The Joint Task Force said that the remains are being treated with "utmost respect."

A cultural adviser is assisting the Joint Task Force "to ensure that the remains are handled in a culturally sensitive and religiously appropriate manner," the JTF said.

An official with the Republic of Yemen's embassy in Washington was traveling Tuesday to Guantanamo and will ensure the remains are treated as dictated by Islamic custom, according to embassy spokesman Mohammed Albasha.

"This incident demonstrates the urgency of closing the detention facility," Albasha said in a statement released Tuesday evening.

U.S. authorities say Al-Hanashi traveled to Afghanistan in 2001 and allegedly admitted to fighting with the Taliban on the front lines. He lived in four different al-Qaida and Taliban-affiliated guest houses, and was captured at Mazar-e-Sharif following the uprising there, they said.

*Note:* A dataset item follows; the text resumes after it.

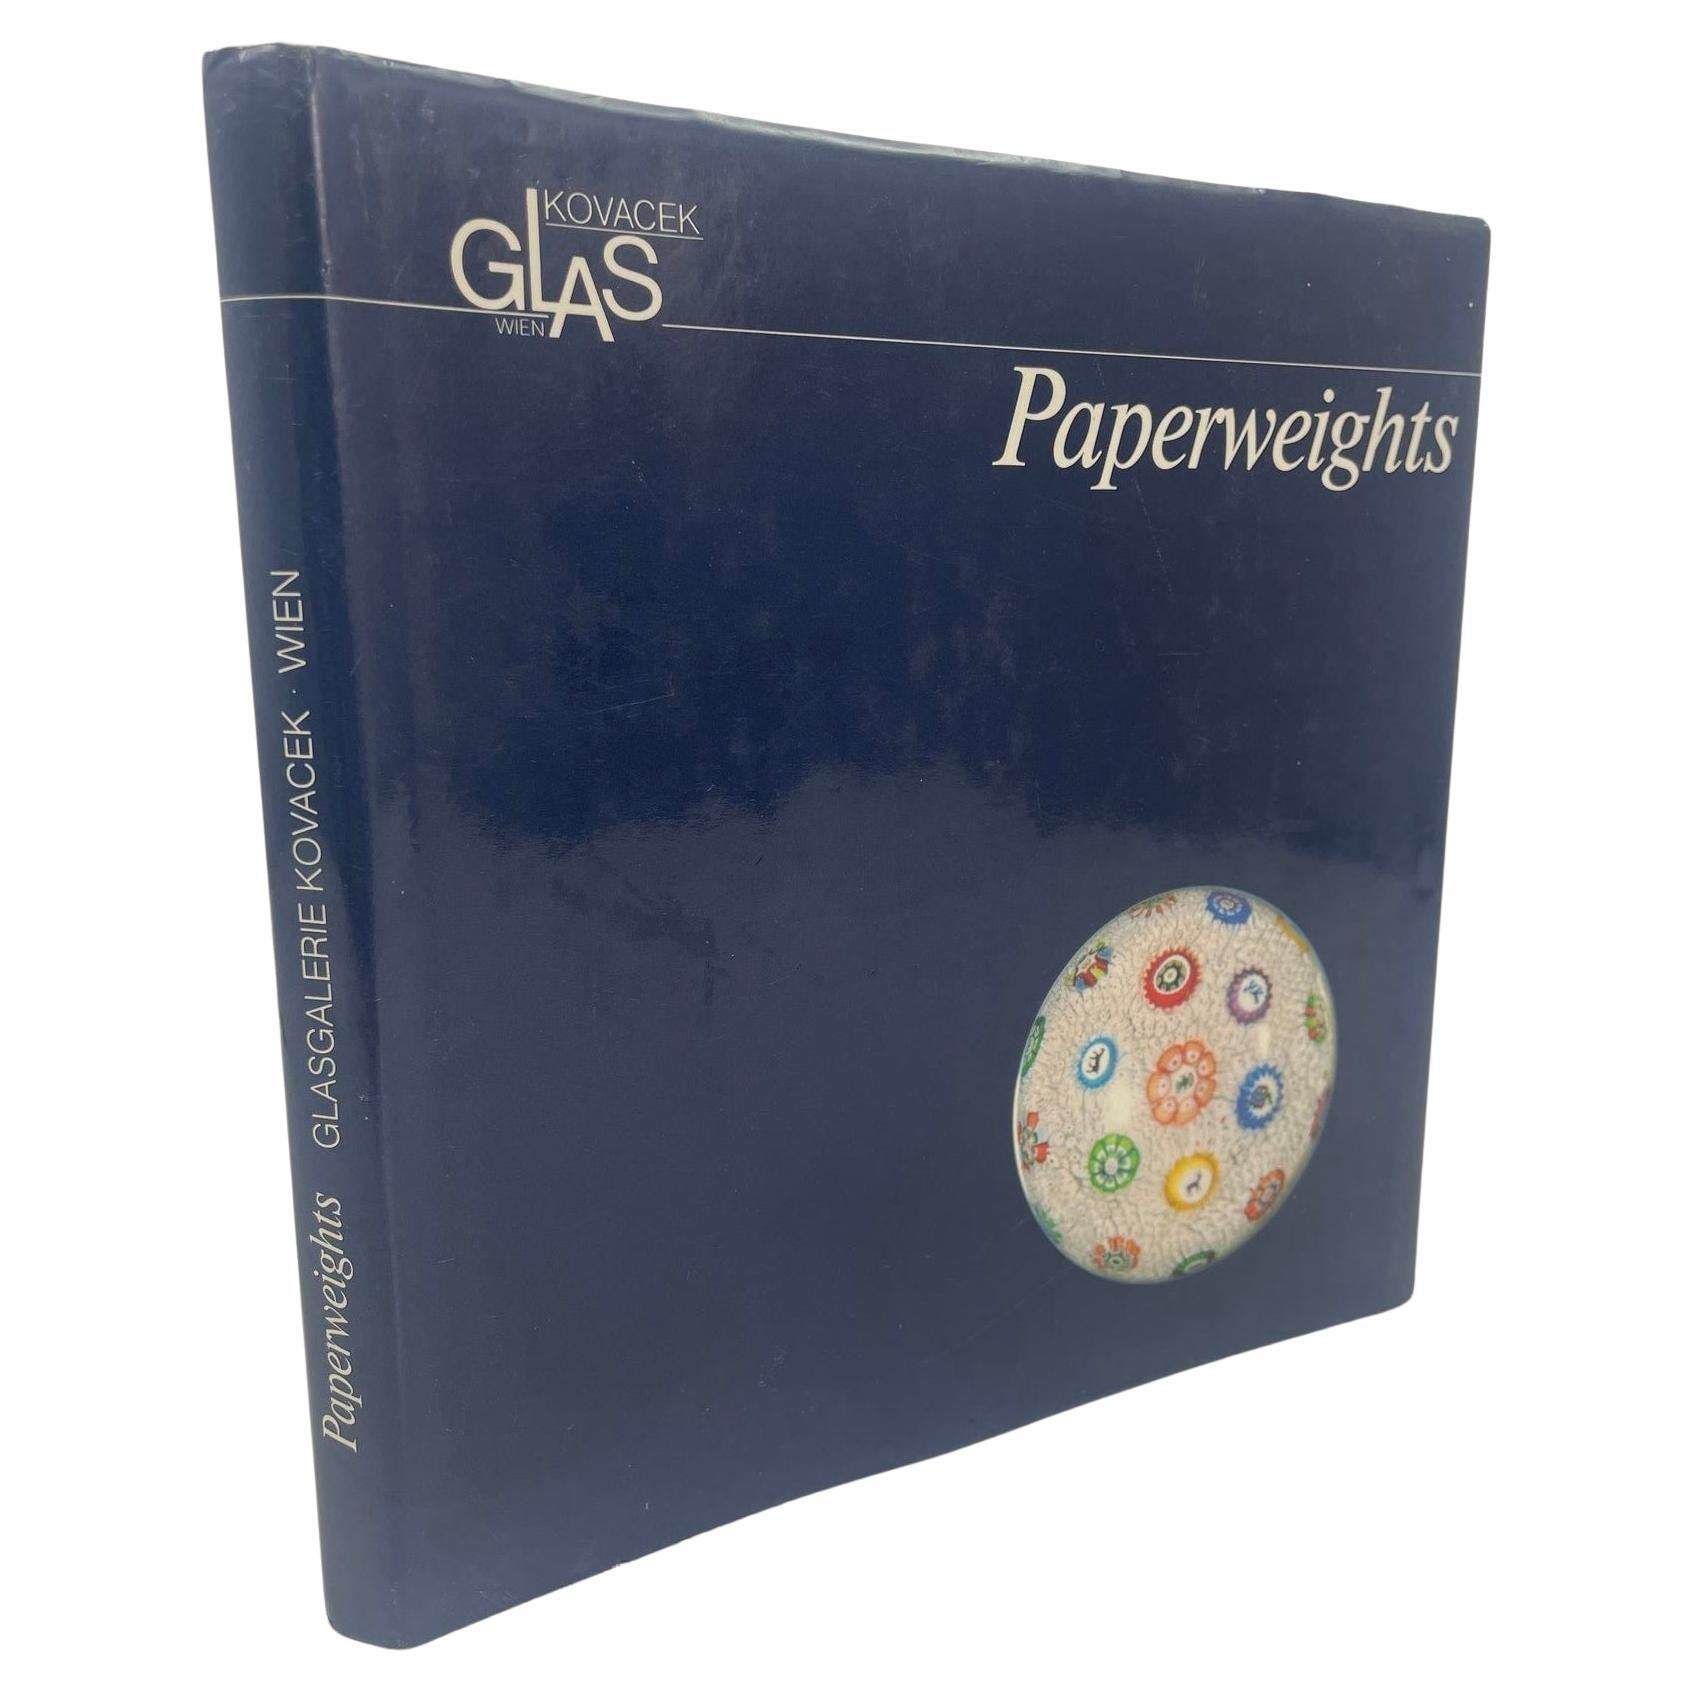 Paperweights Glasgalerie Michael Kovacek Wien 1987 Hardcover Nachschlagewerk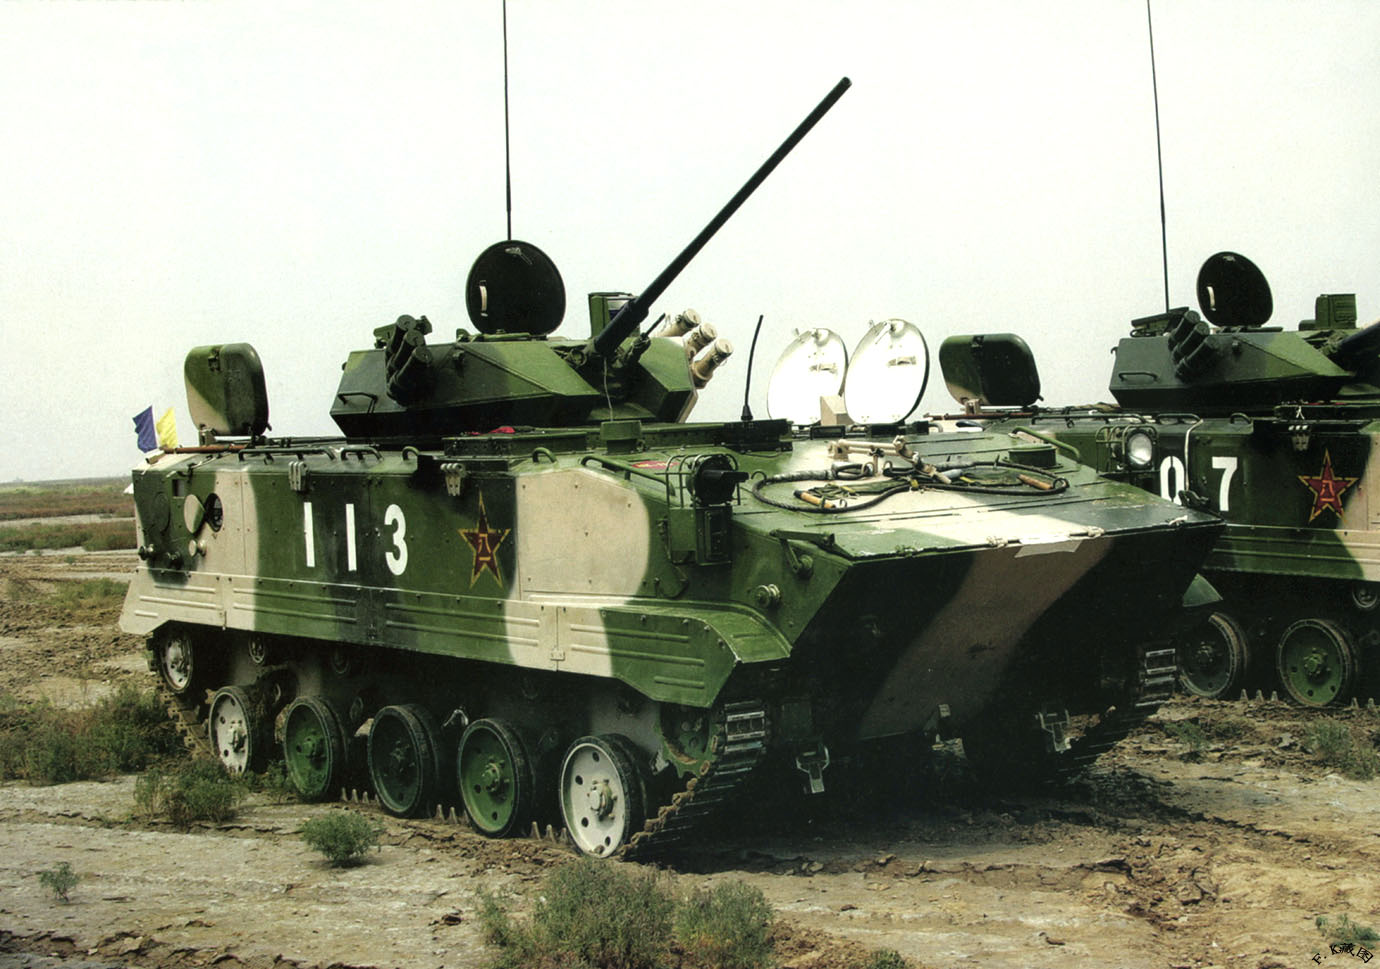 zlc-2000_wz506_airborne_armoured_infantry_fighting_combat_vehicle_China_Chinese_Army_012.jpg

In court documents, al-Hanashi said he planned to go back to Yemen if released from Guantanamo. He said he hoped to get married and become a history or geography teacher.

Over the years, there have been many attempts at suicide at Guantanamo, though military officials have often characterized them as acts of "self-injurious behavior" intended to draw media attention.

A former detention center commander, Navy Rear Adm. Harry B. Harris, said three simultaneous suicides in June 2006 were "an act of asymmetrical warfare," in a comment that drew criticism from rights groups.